There, he met Bella, a black and brown stray dog, who became his constant companion for the next three years, despite occasional efforts to find her a suitable home on land.
Shaddock and Bella were a few weeks into their journey when a storm changed everything in an instant.
“The current changes direction. So if you’re drifting you’re suddenly drifting in a circle. And the wind, it’s changing all the time,” Shaddock described. “The waves are moving in many directions and it’s hypnotizing, you sort of suddenly feel like you’re in a whirlpool.”
He lost his sail, some electronics, and his ability to cook food. Shaddock did say in other interviews that he still had the capacity to issue a mayday call, but he hadn’t done so. It’s not clear why.
Days became a battle against fatigue: fixing things on the boat, fishing, capturing rainwater. He was overwhelmed by the fear that the next day he might be too exhausted, too weak.
Shaddock found comfort in meditation, swimming in the ocean and writing in a journal.
Keeping Bella fed and content gave him added purpose. The two subsisted on raw fish and rainwater.
Shaddock thought he probably would die at sea until he heard a helicopter on July 12. Its pilot, Andrés Zamorano, was the first person Shaddock had seen in months and has since become a friend. Zamorano had taken off from the tuna boat María Delia in search of schools of the fish.
They were 1,200 miles from the nearest land.
Zamorano believes a moral obligation Shaddock felt to keep Bella alive helped them both survive.
Aboard the María Delia, Shaddock and Bella were showered with attention and first aid.
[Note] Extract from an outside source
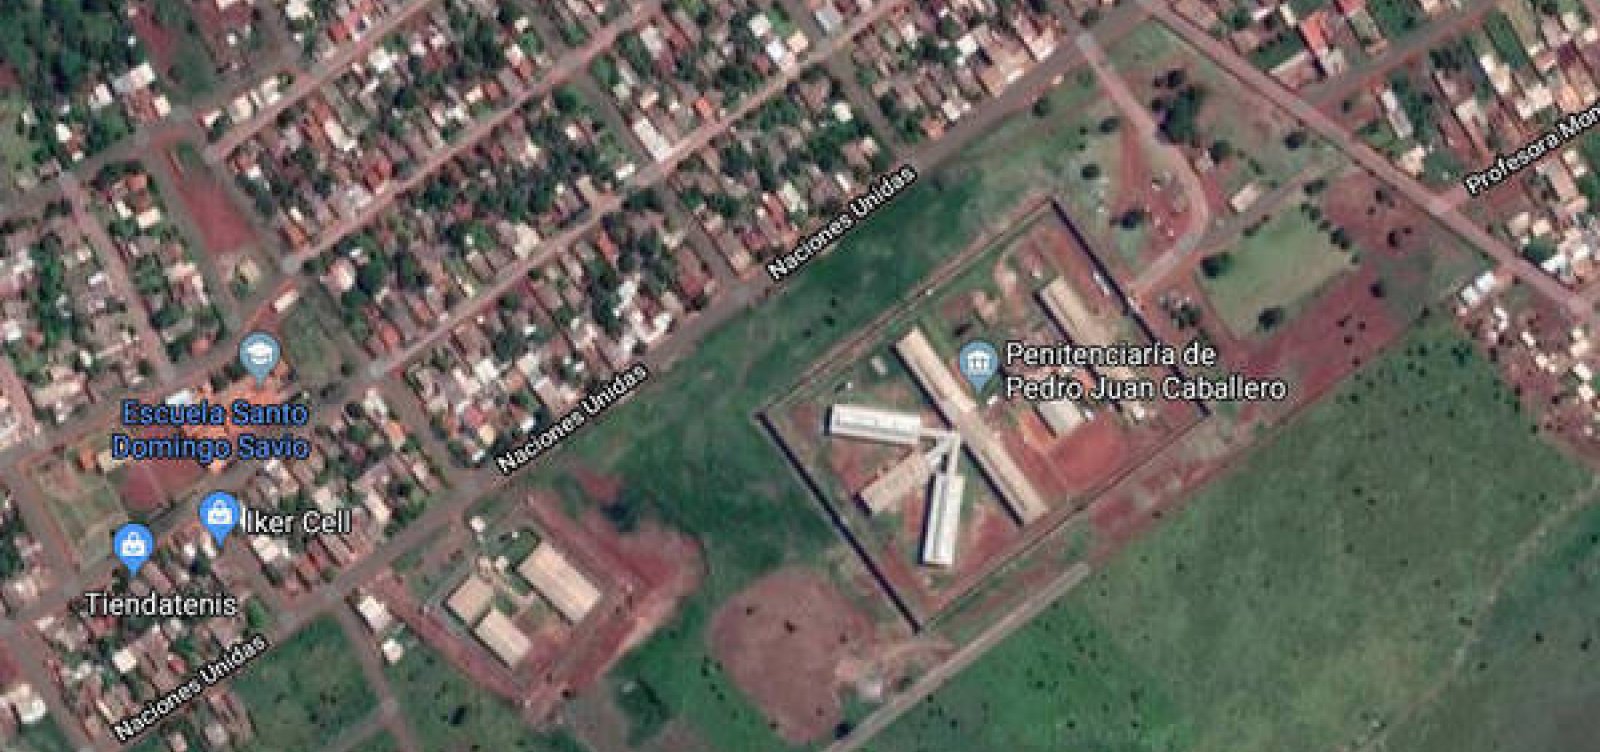 Governo brasileiro bloqueia fronteira com Paraguai após fuga de presos

Crew members spoiled Bella and treated the blisters on her paws.
“He would come up to the bridge every day whenever he wanted and we would drink coffee, talk,” the boat’s captain, Oscar Meza, said.
Two days after the rescue, the boat found a huge school of tuna, allowing it to fill its hold and turn for its home port of Manzanillo.
“The best moment was being with the dolphins when they catch all the tuna,” Shaddock said. “You hear their sounds, you see them move and you feel their magic. That is the magic of freedom and it is the truth of why we are alive.”
Stepping onto land Tuesday for the first time in months was both incredibly welcome and a bit uncomfortable for someone who had grown quite accustomed to being alone.
Everyone asked about Bella and then felt deflated when told Shaddock had decided to give her to an animal lover on the crew of the María Delia.
“The Australian embassy really made that decision for me,” Shaddock said later, noting that his country has very strict animal quarantine laws.
For now, Shaddock plans to return soon to Australia to see his parents, sister and his daughter. He still loves the sea, but said he was not sure how soon he would again go out of sight of land. There was still an air of uncertainty in his voice.
“My daughter she might come here, get me and bring me home,” he said. “Maybe. She wants to come.”